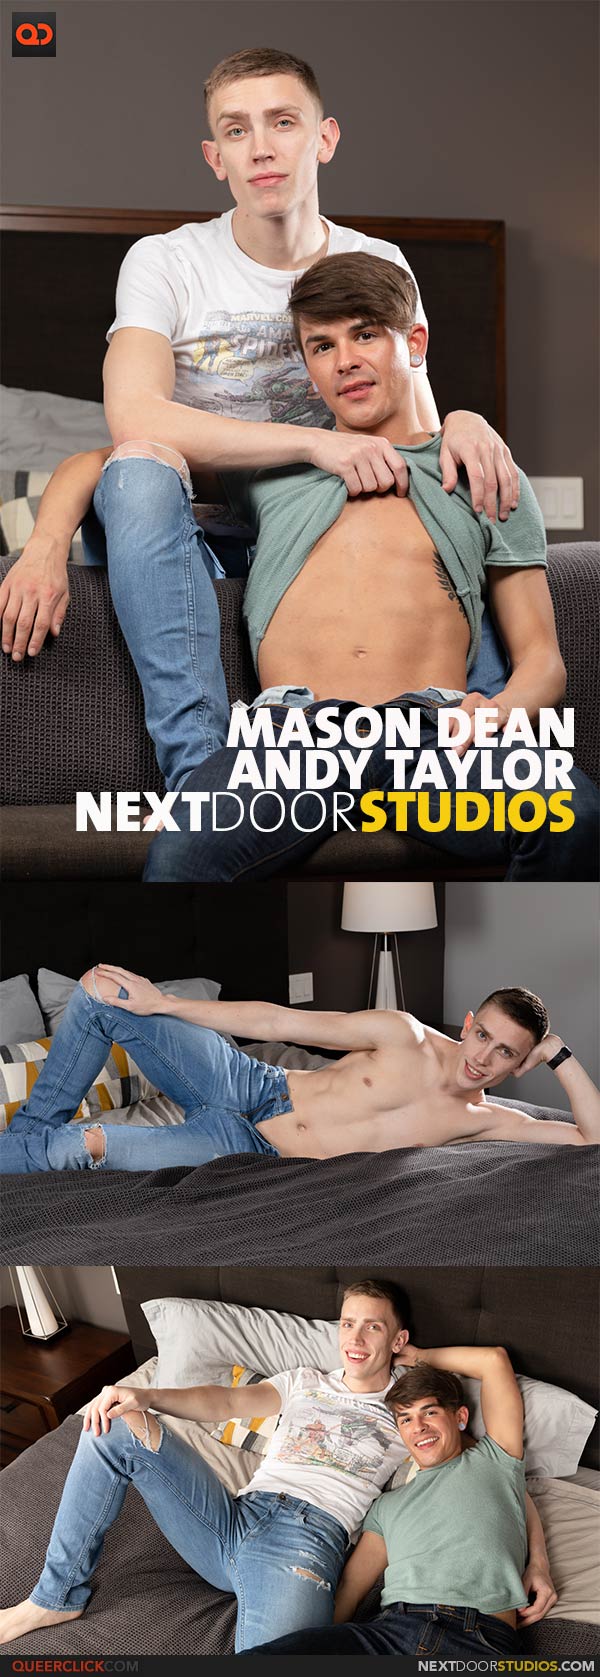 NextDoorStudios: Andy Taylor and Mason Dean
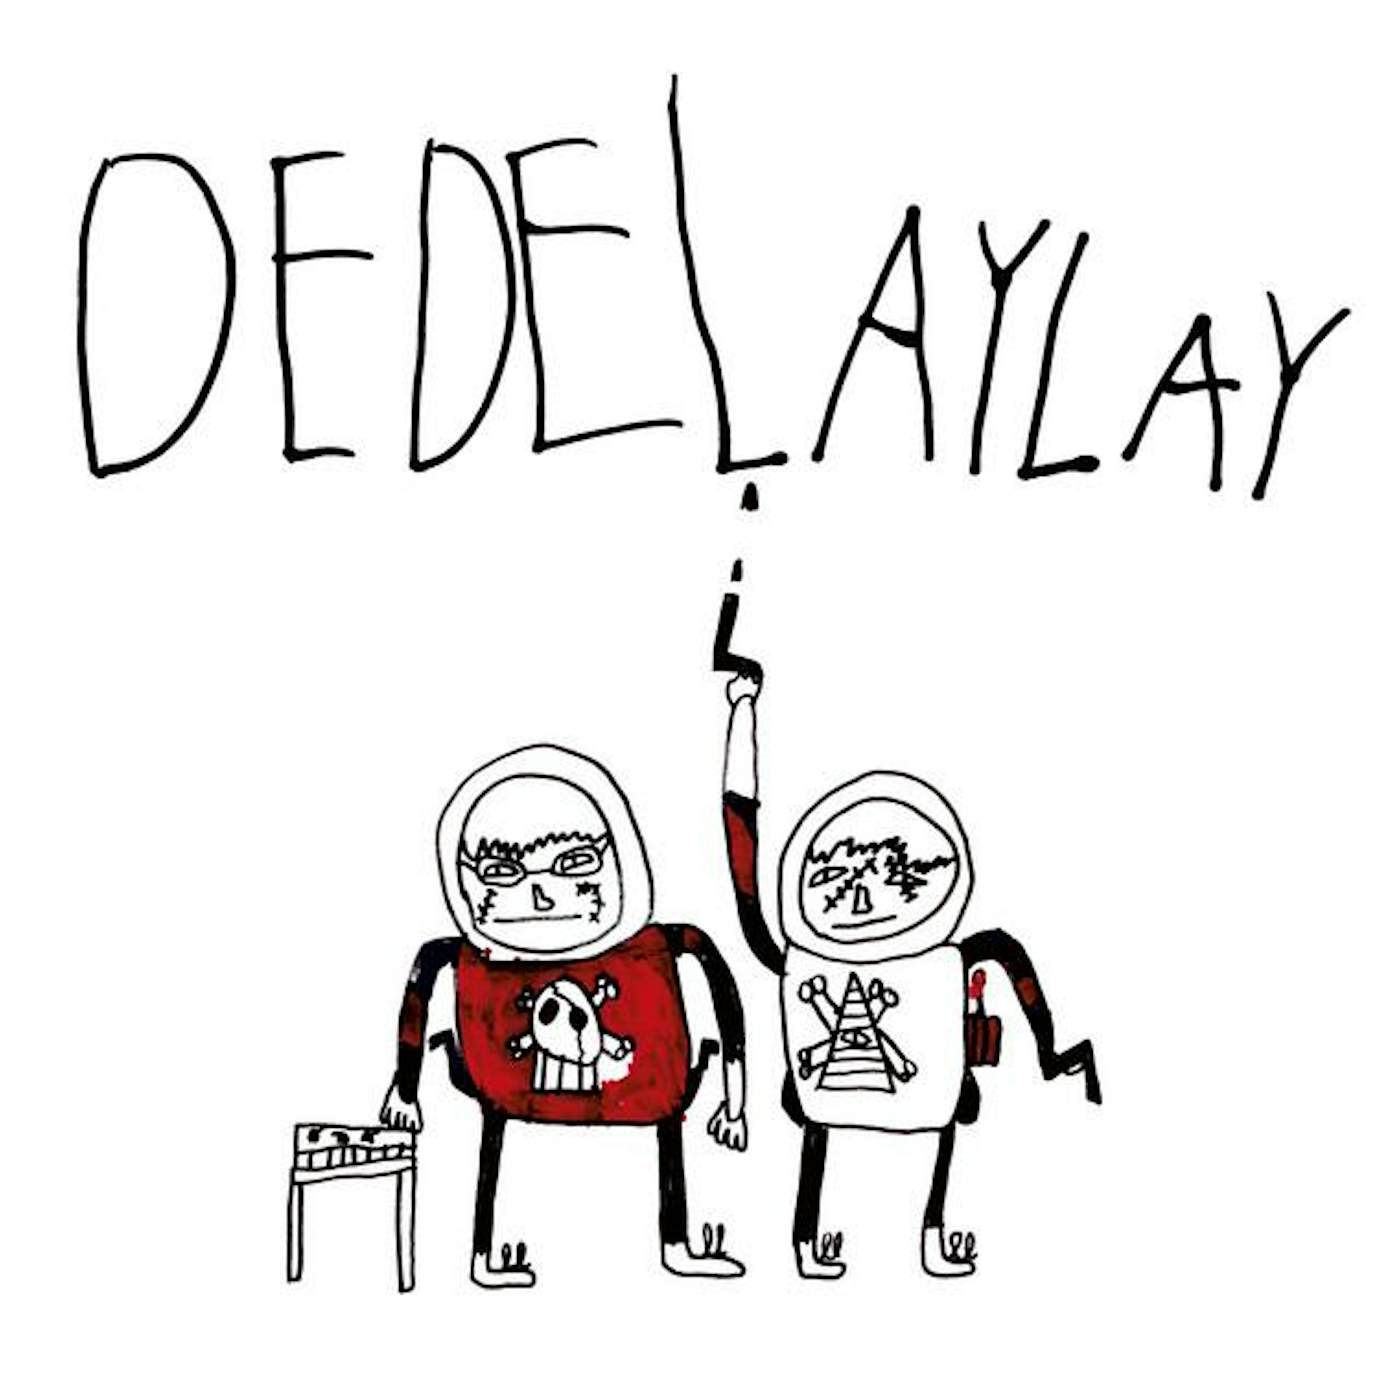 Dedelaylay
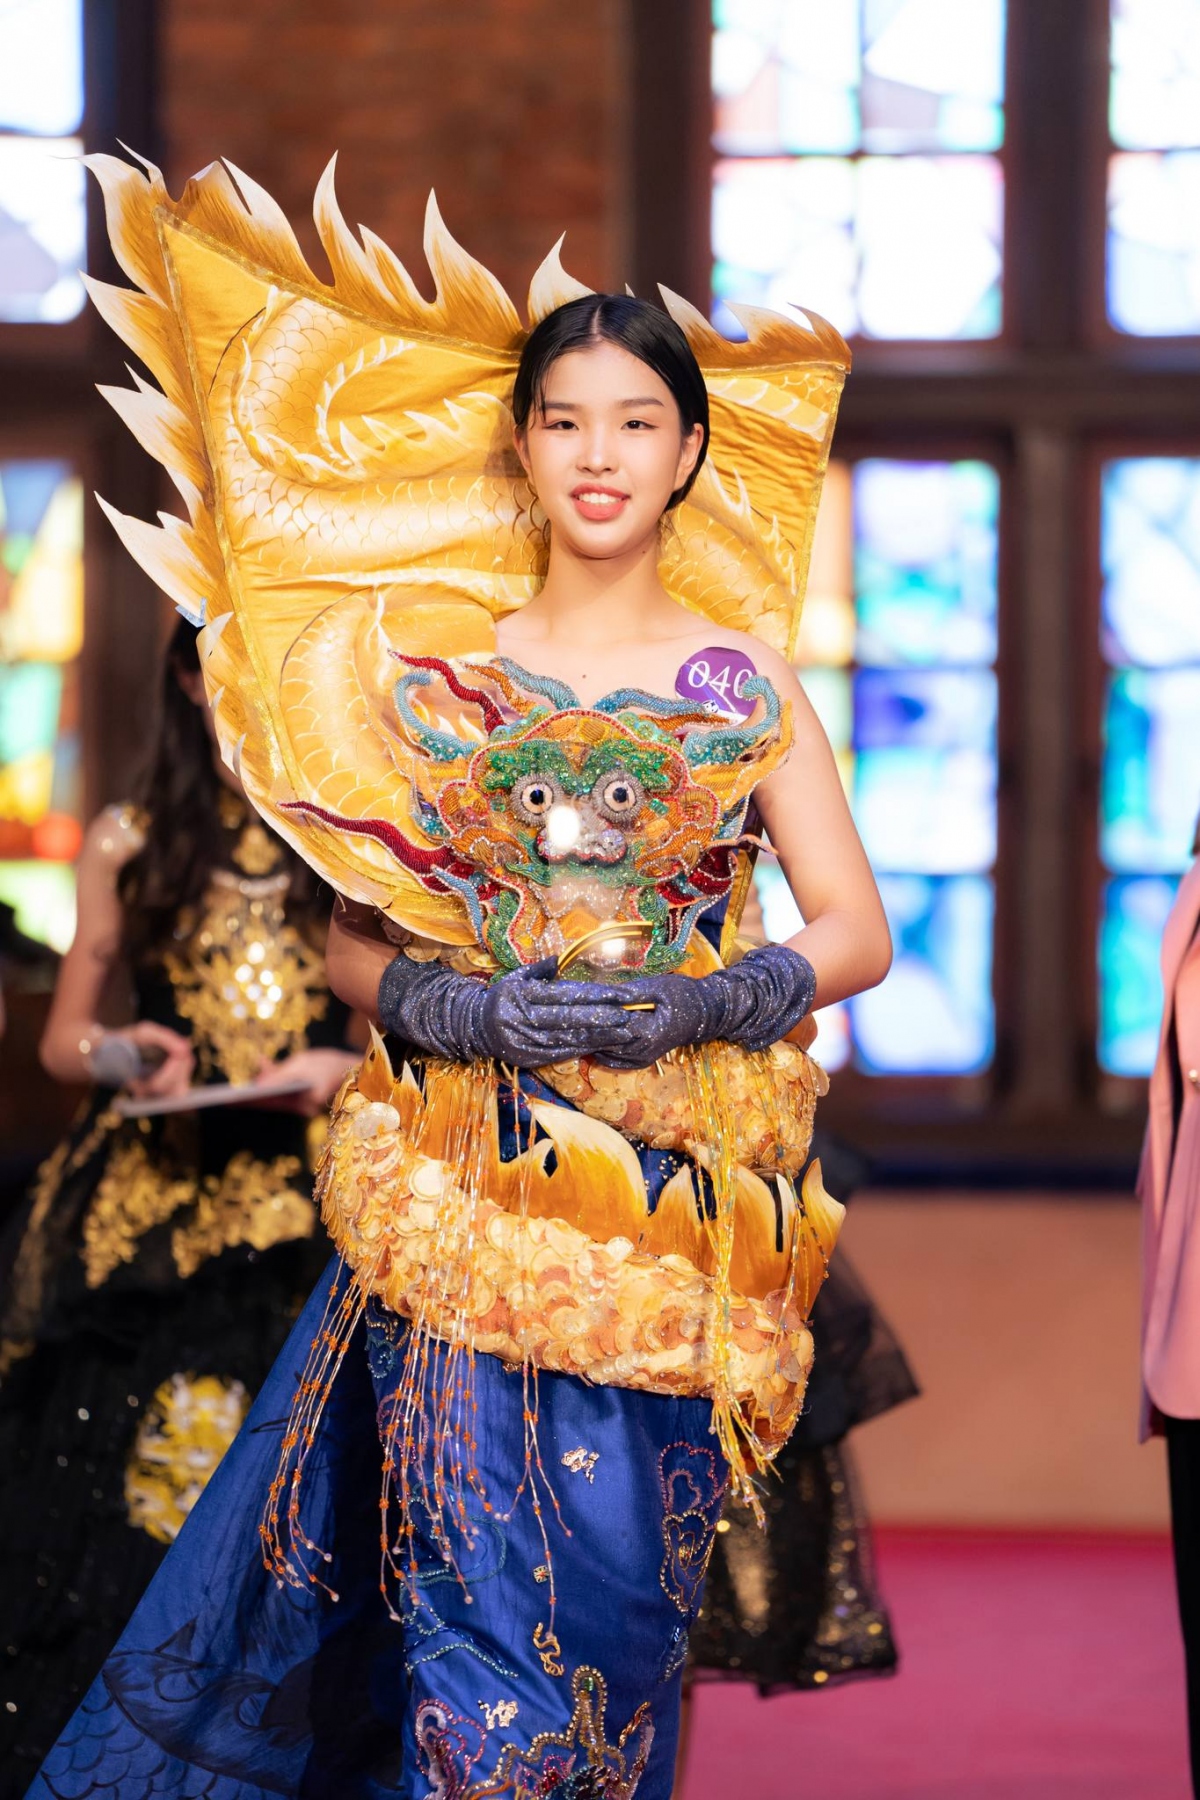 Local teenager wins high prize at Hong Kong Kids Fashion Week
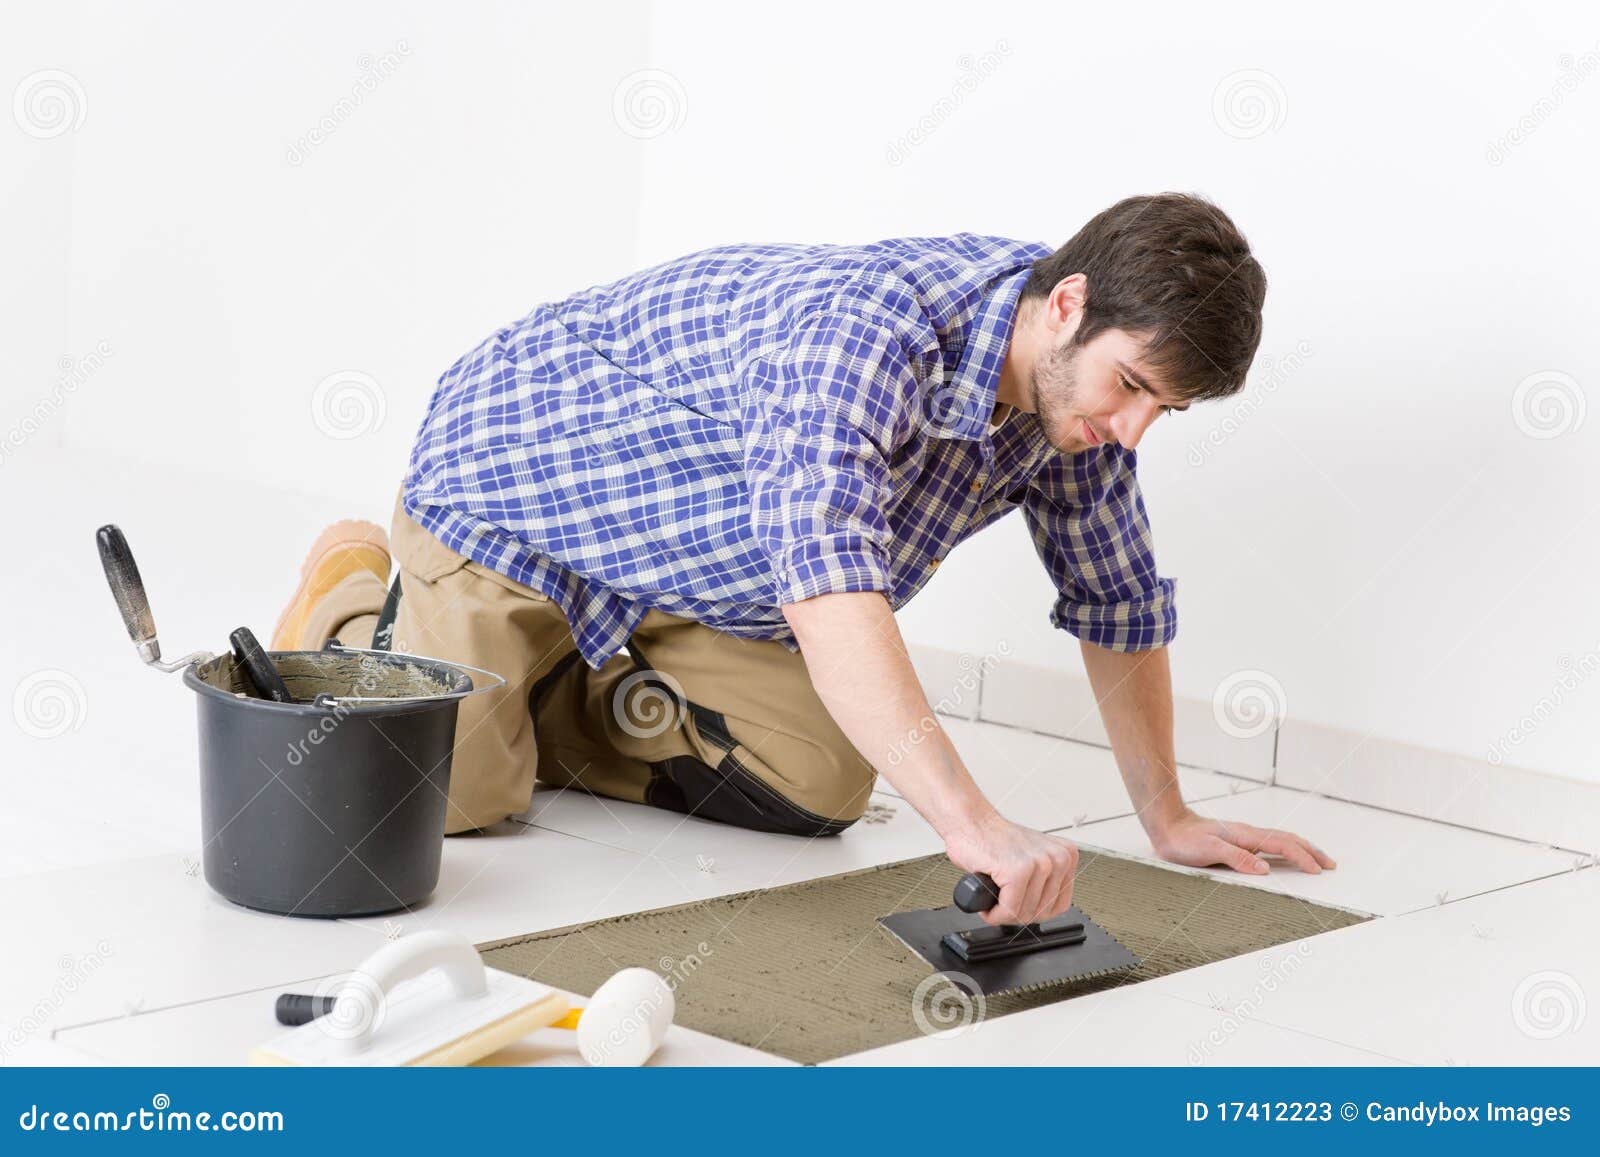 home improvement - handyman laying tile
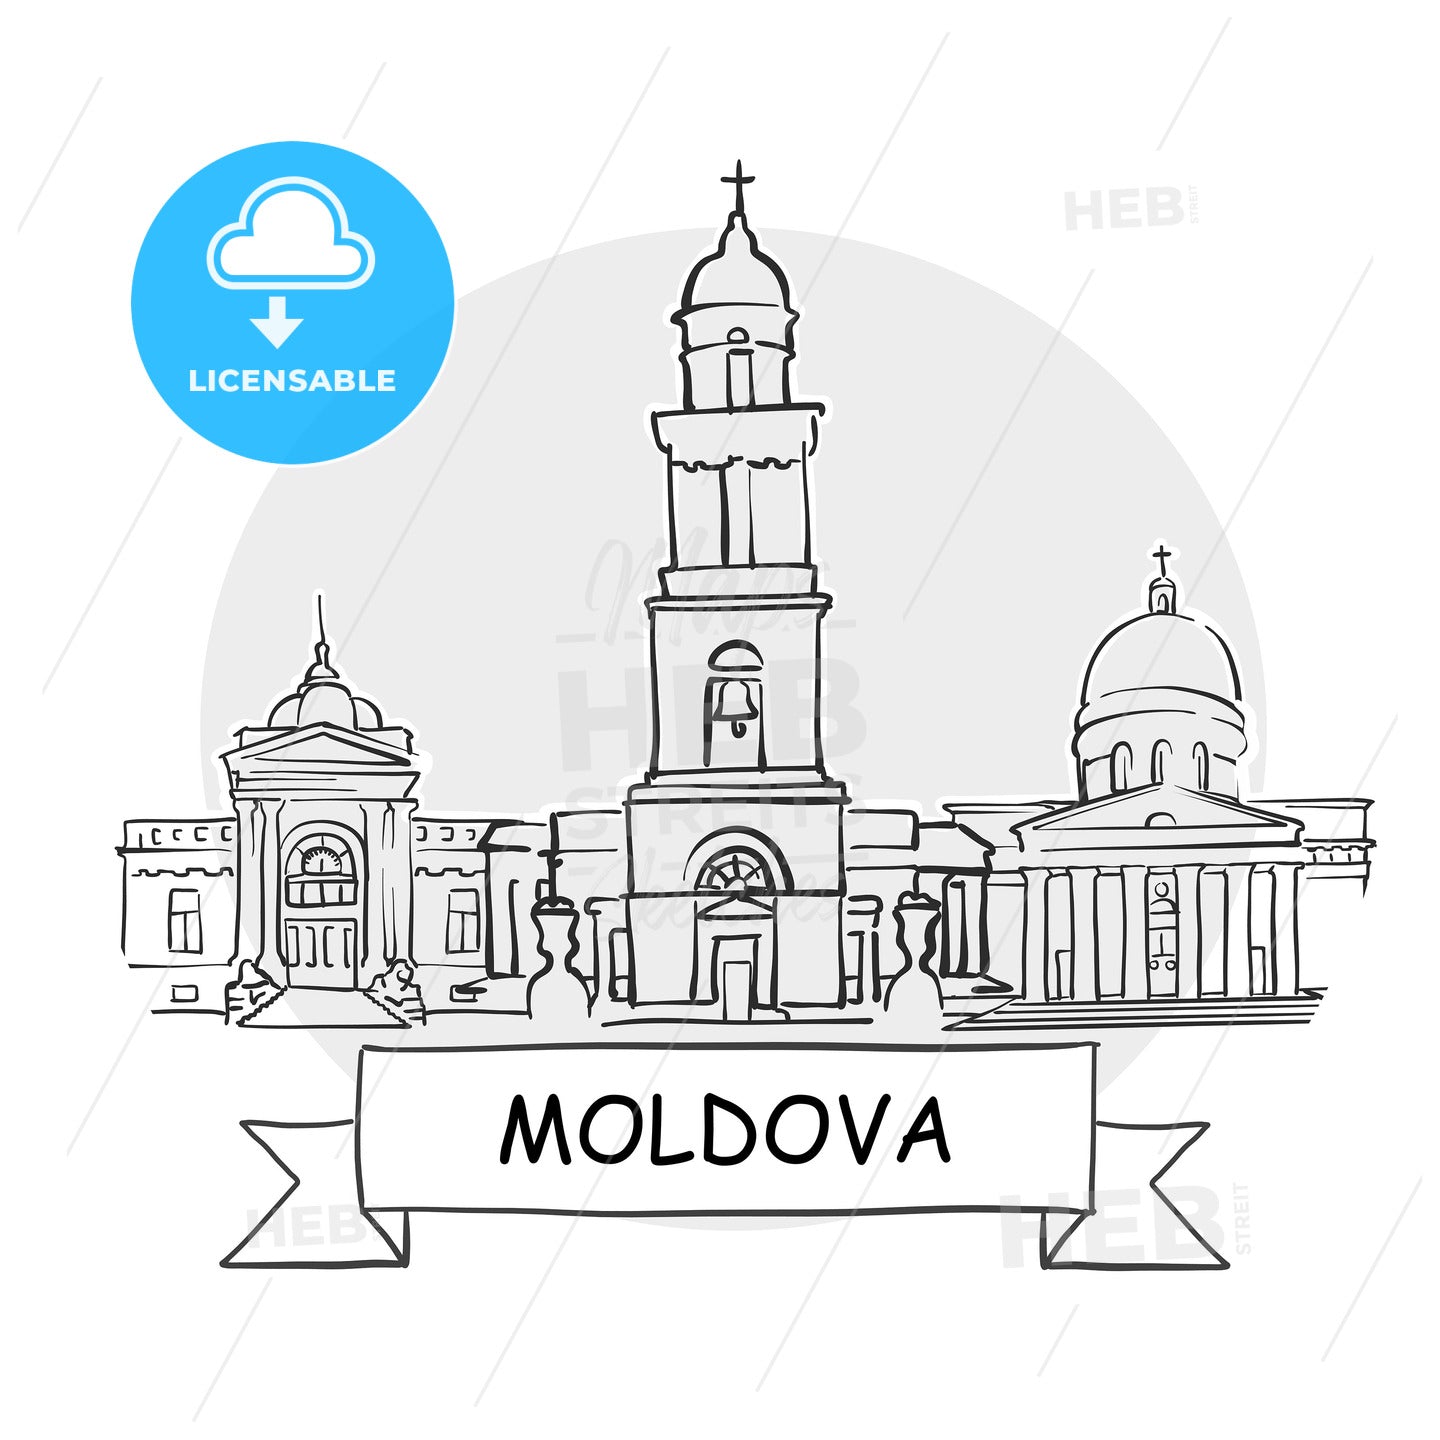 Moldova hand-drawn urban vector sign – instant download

-- Task item --
This task calls for the listing to be restated exactly, with images omitted.

-- Task output --
 NextDoorStudios: Andy Taylor and Mason Dean
 Dedelaylay
 Local teenager wins high prize at Hong Kong Kids Fashion Week
 home improvement - handyman laying tile
 Moldova hand-drawn urban vector sign – instant download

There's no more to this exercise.